31 maggio 2015 | 18:10

Valter Mainetti a sorpresa insieme a Matteo Arpe tra i nuovi azionisti del Foglio

Si sta delineando in queste ore la nuova compagine azionaria del Foglio anche se sulle percentuali delle quote (il 40% andrebbe al fondo Sator di Matteo Arpe, un altro 40% a Valter Mainetti, presidente di Sorgente Group e il residuo 20% diviso tra Giuliano Ferrara e altri azionisti minori) gli avvocati e gli esperti stanno lavorando alacremente per chiudere la trattativa.

Valter Mainetti (foto Sorgente Group)

Valter Mainetti (foto Sorgente Group)

Se Matteo Arpe e ‘ un personaggio molto noto al mondo dell’informazione, dove peraltro ha deciso di investire con Sator come socio di maggioranza di News 3.0, di Mainetti non si sa poco o nulla pur essendo un importante protagonista della finanza immobiliare e del collezionismo d’arte.

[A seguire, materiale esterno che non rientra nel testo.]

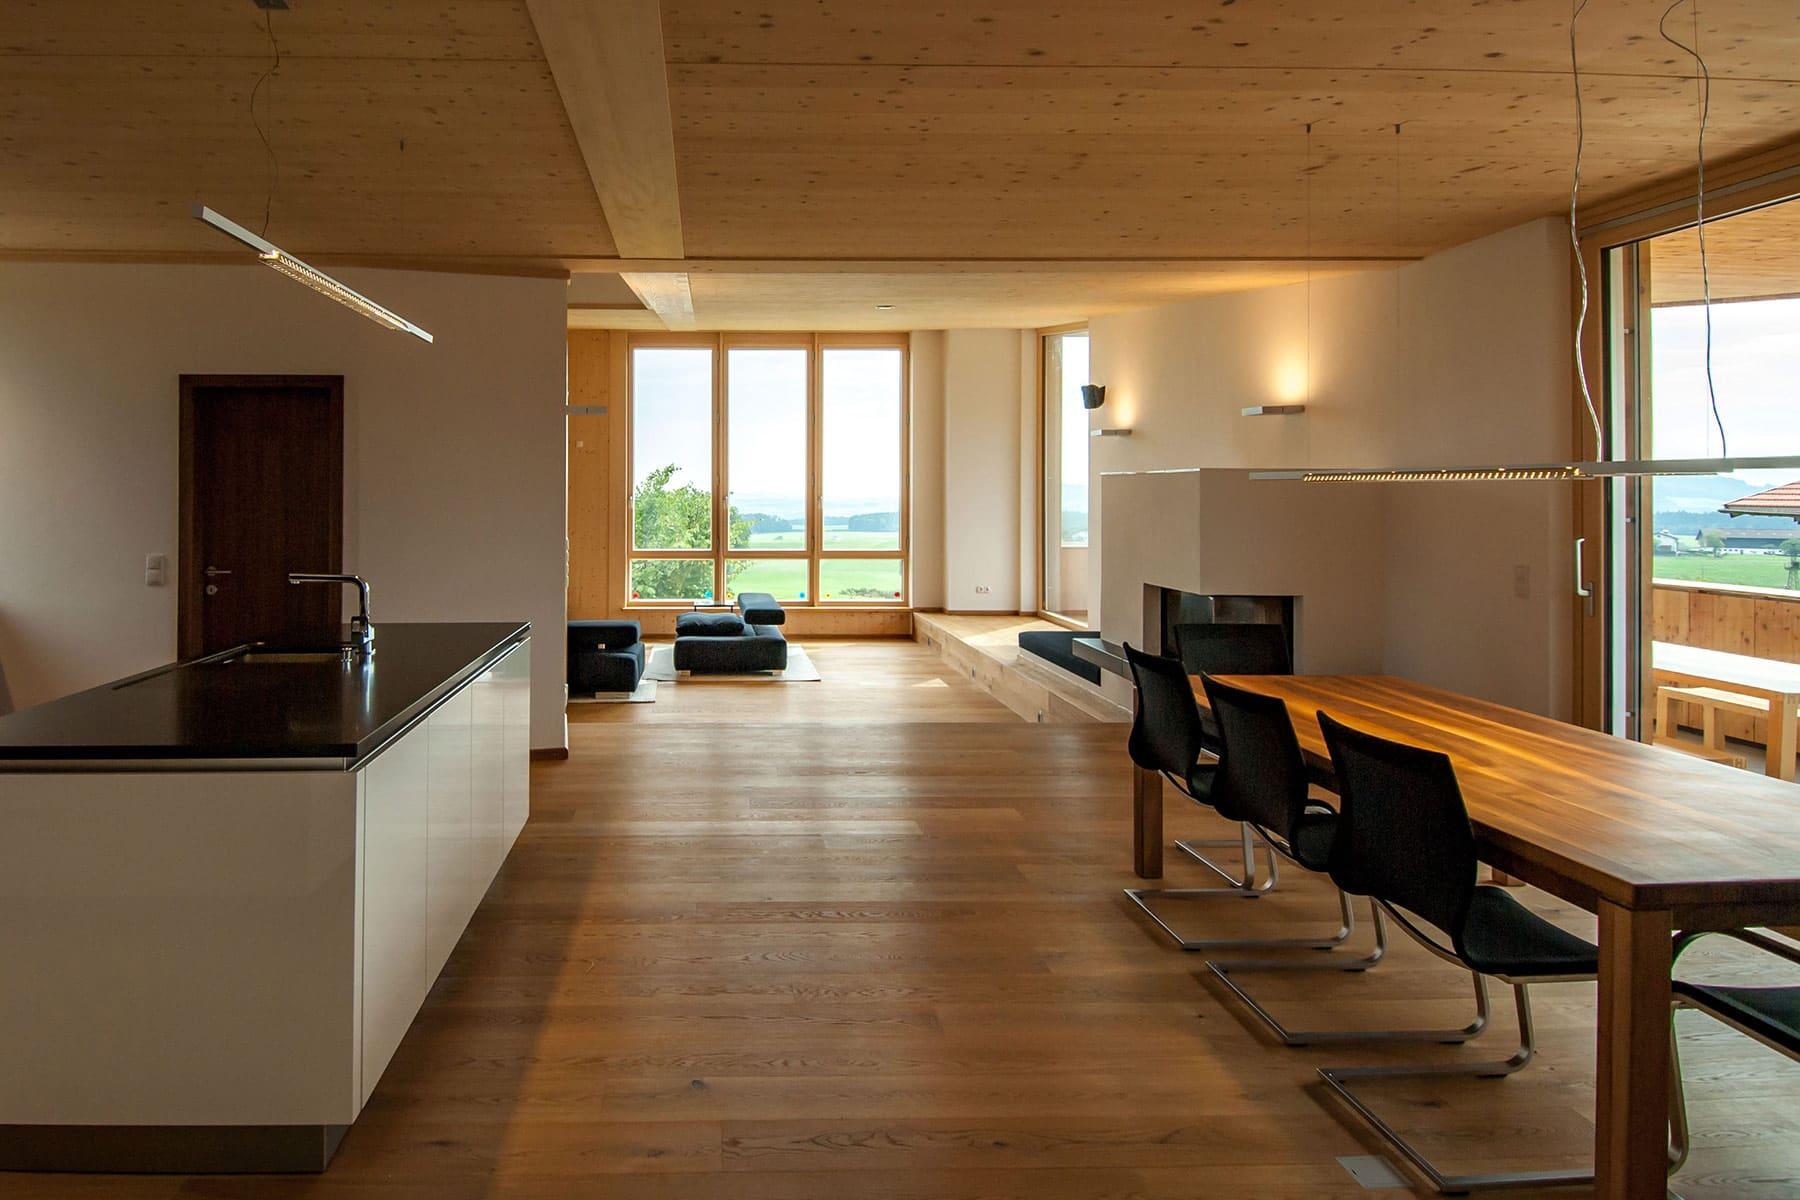 wohnküche, holzhaus, architekt, haus, bauernhof, umbau, salzburg, landleben, loft, architektur

La notizia che Valter Mainetti entri nella compagine societaria del Foglio ha destato qualche stupore e pochi riescono a capire le ragioni che hanno portato questo signore elegante, dalla cultura levigata (è, tra l’altro, professore di Finanza immobiliare alla facoltà di Economia dell’Università di Parma) e dalla passione per il collezionismo d’arte, che gia’ si era affacciato all’editoria con il sito on line Il Ghirlandaio, ad aderire alla proposta di Giuliano Ferrara di investire nel quotidiano.
Prima Comunicazione lo ha intervistato un anno fa nella sede romana di Sorgente Group, uno storico palazzo in Via del Tritone, e ci raccontò la sua storia e la sua filosofia
Erede di costruttori in Italia e negli Stati Uniti, Valter Mainetti è il fondatore di Sorgente Group che governa tre solide holding che si occupano di investimenti, finanza e gestione immobiliare: Sorgente Group Spa (Italia), Sorgente Group of America Corp. (Usa) e Sorgente Group International Holding Ltd (Gran Bretagna). Non solo. Insieme alla moglie Paola, presiede la Fondazione Sorgente Group che si occupa e preoccupa della tutela del patrimonio artistico e culturale italiano. Fondazione che possiede una ricca raccolta di antichità greche e romane, una pinacoteca con opere dal 1400 al 1700 e uno spettacolare assortimento di arte liberty. Tra le altre cose promuove la pubblicazione di libri di prestigio come quello dedicato al Flatiron Building di New York, il primo grattacielo al mondo costruito in acciaio e oggi di proprietà di uno dei fondi di Sorgente Group insieme ad altri gioielli di architettura come il Fine Arts Building di Los Angeles, la ex galleria Colonna (ora galleria Alberto Sordi) di Roma, immobili di pregio a Piazza Cordusio e Via Senato a Milano, mentre sul fronte alberghiero ci sono diversi Chateaux in Francia. Il patrimonio immobiliare posseduto dai fondi e dalle società controllate, sommato a quello gestito, supera – il dato è della fine del 2014 – i 5 miliardi di euro.
L’ingresso di Mainetti nella nuova società del Foglio puo’ soddisfare tutti: Arpe, che non deve accollarsi da solo tutti gli oneri e i rischi dell’impresa, Giuliano Ferrara che cosi’ non consegna il suo amato Foglio/figlio nelle mani di un unico editore, Mainetti che si trova al tavolo di un’impresa culturale e politica di un giornale molto attento anche agli scenari internazionali e voce ascoltata nei luoghi del potere nostrano grazie all’autorevolezza delle sue firme, a partire da quella di Giuliano Ferrara, e al buon rapporto di conoscenza con Matteo Renzi e del suo entourage, di cui Claudio Cerasa -da fine febbraio nuovo direttore – e’ stato ed e’ il piu’ attento cronista.
Il Foglio ha progetti editoriali molto chiari (come raccontiamo nel servizio sul numero in edicola di Prima Comunicazione a pag. 64 .): unire la produzione del giornale di carta a quella dell’on line, che “non punta sull’informazione di flusso ma sulla qualità’ degli articoli per farsi pagare anche su internet”, come spiega Cerasa che sta studiando tutte le strade praticabili per allargare i ricavi dell’editrice che a breve dovrà fare i conti con la fine dei finanziamenti pubblici all’editoria. E per quanto riguarda la politica? “A noi piacciono molto i leader che sanno funzionare, che non sono banali e che non sono fuffa”, dice il direttore. ” Se c’e’ qualche leader o partito capace di questo a prescindere da quale sia il suo collocamento, a noi interessa”.